Now, bringing nfs into the picture.  The dlm checks whether it's an
nfs lock request, if (fl->fl_lmops && fl->fl_lmops->fl_grant), and
if so, it does
 info.pid = fl->fl_pid;
 info.owner = fl->fl_pid;
presumably because fl->fl_owner is always lockd which doesn't help us
distinguish the real lock owners.  The assumption is that fl->fl_pid
does distinguish lock owners.

However, when I start process 9876 on an nfs client mounting gfs, and do
the first SETLK, dlm_controld sees info.pid and info.owner of 0, i.e.
fl->fl_pid is 0.  process 9876 unlocks it, and does the same thing again;
this time dlm_controld sees info.pid and info.owner of 1, i.e. fl->fl_pid
is 1; each client request results in an incremented fl_pid.  This, of
course, doesn't work as a lock owner at all.  I assume that fl->fl_pid
would somehow need to be a combination of client identifier and pid on the
client to successfully distinguish locks from two processes on two
clients.

On irc, David pointed me to nlmclnt_locks_init_private(),
__nlm_alloc_pid() and mentioned that there's a client pid that lockd could
be using instead of the counter.  NLM clearly needs to be able to
distinguish locks between different client processes itself, so the dlm
ought to be able to extend that among nodes.

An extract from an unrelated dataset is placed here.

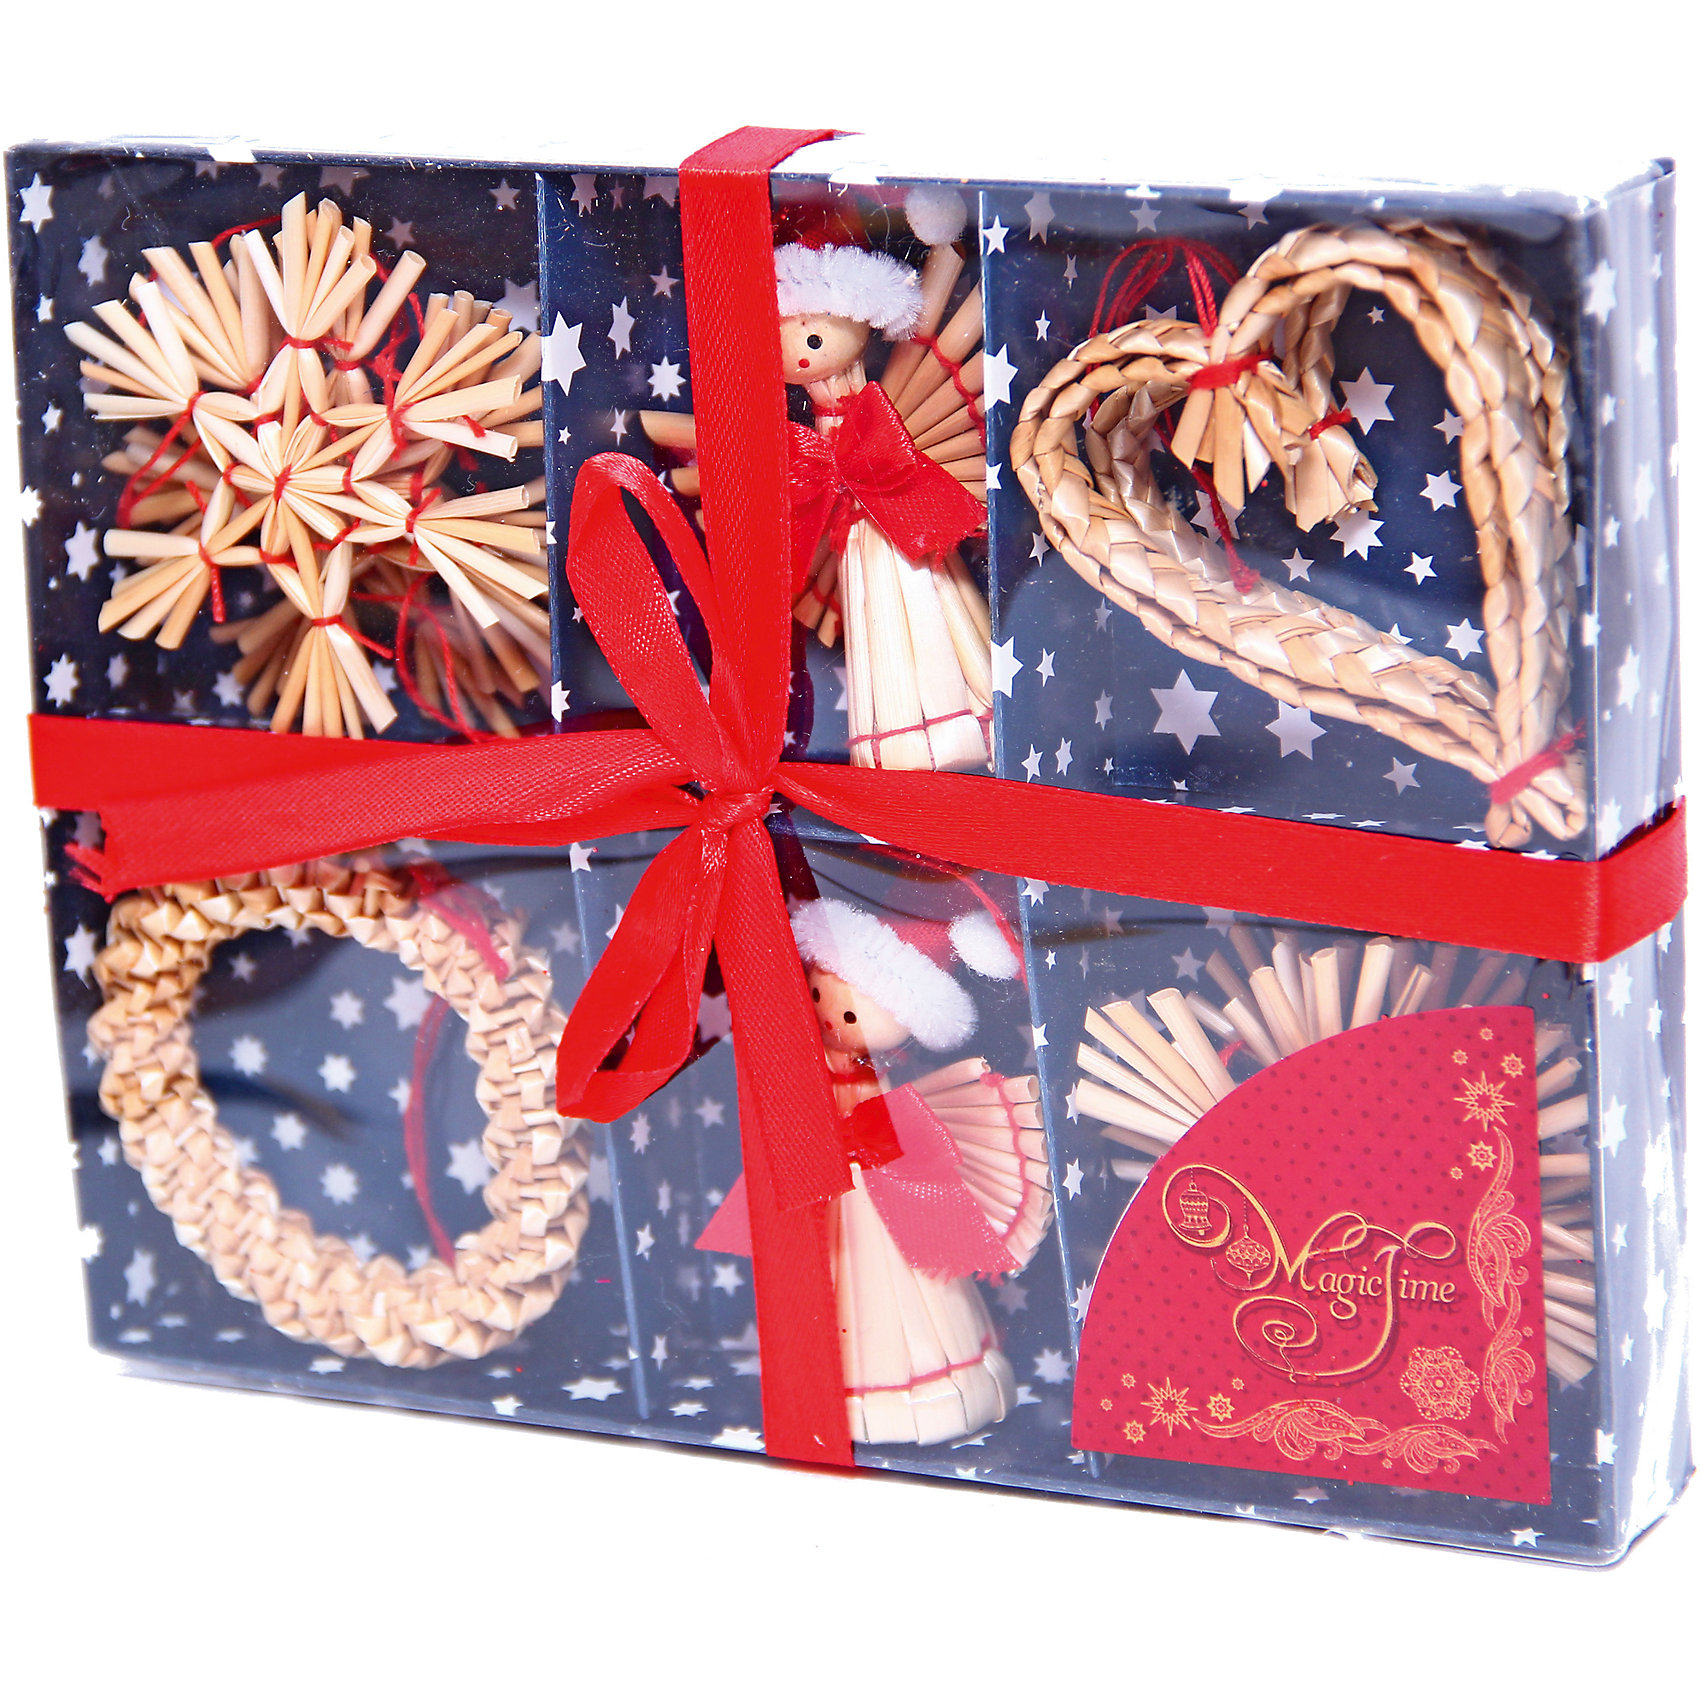 Украшение Ангелы 17*13*2,5 смУкрашение Ангелы, Феникс-Презент, замечательно украсит Вашу елку или интерьер на новогодние и рождественские праздники и создаст праздничную волшебную атмосферу. В комплекте 11 украшений из соломки в виде фигурок ангелов, сердечек и звездочек. Поверхность игрушек покрыта лаком, имеются петельки, за которые их можно повесить в любом понравившемся Вам месте.<br><br>Дополнительная информация:<br><br>- Материал: соломка.<br>- Размер украшения: 6 см.<br>- Размер упаковки: 17 х 13 х 2,5 см.<br><br>Украшение Ангелы, Феникс-Презент, можно купить в нашем интернет-магазине.<br><br>Ширина мм: 180<br>Глубина мм: 140<br>Высота мм: 400<br>Вес г: 100<br>Возраст от месяцев: 36<br>Возраст до месяцев: 2147483647<br>Пол: Унисекс<br>Возраст: Детский<br>SKU: 4276489

Comment 3 David Teigland 2008-10-24 21:31:38 UTC

Sorry for the alarm, it looks like I wasn't careful enough.  I've done some
more testing with various combinations of overlapping locks/unlocks, and it
appears to be working after all.  NFS does use an incrementing counter for
these pids, but it's incremented "intelligently" so that it works as an
owner value.  So, it appears to be working correctly, and working as intended.  

(Note that the test case above is a bit special in the sense that no locks from
the client continue to exist between each iteration, which causes the "owner"
for the same program/pid to change each time.)